** Opening INPUT MATERIAL block **

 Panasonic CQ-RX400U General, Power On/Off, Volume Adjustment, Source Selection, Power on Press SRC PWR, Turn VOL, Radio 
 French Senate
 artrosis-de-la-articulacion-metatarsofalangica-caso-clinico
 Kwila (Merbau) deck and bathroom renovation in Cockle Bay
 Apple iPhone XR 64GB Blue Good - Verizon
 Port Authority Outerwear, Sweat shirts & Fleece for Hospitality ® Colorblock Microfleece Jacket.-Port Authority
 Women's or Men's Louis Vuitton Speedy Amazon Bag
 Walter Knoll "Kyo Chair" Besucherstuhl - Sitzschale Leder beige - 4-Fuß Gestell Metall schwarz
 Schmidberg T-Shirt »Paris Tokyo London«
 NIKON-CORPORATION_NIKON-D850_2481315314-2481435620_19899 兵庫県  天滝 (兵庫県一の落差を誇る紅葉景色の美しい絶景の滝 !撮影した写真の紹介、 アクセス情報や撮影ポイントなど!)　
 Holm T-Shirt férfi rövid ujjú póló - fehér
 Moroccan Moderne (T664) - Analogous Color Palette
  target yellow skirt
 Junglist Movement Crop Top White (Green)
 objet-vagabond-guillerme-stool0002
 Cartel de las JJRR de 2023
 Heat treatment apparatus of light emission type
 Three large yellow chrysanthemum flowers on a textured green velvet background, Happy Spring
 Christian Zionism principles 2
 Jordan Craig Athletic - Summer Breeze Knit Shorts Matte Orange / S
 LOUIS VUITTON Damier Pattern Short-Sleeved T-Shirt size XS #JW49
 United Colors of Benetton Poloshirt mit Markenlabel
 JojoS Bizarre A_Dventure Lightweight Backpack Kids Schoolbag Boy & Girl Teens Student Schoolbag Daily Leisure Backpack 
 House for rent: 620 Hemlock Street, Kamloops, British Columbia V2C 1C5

** Closing INPUT MATERIAL block **

• _WHAT NEEDS TO BE DONE_
Start printing at the line with "Jordan Craig Athletic" and stop after the final line of the listing above, keeping every line exact.

• _ANSWER TO THE EXERCISE_
 Jordan Craig Athletic - Summer Breeze Knit Shorts Matte Orange / S
 LOUIS VUITTON Damier Pattern Short-Sleeved T-Shirt size XS #JW49
 United Colors of Benetton Poloshirt mit Markenlabel
 JojoS Bizarre A_Dventure Lightweight Backpack Kids Schoolbag Boy & Girl Teens Student Schoolbag Daily Leisure Backpack 
 House for rent: 620 Hemlock Street, Kamloops, British Columbia V2C 1C5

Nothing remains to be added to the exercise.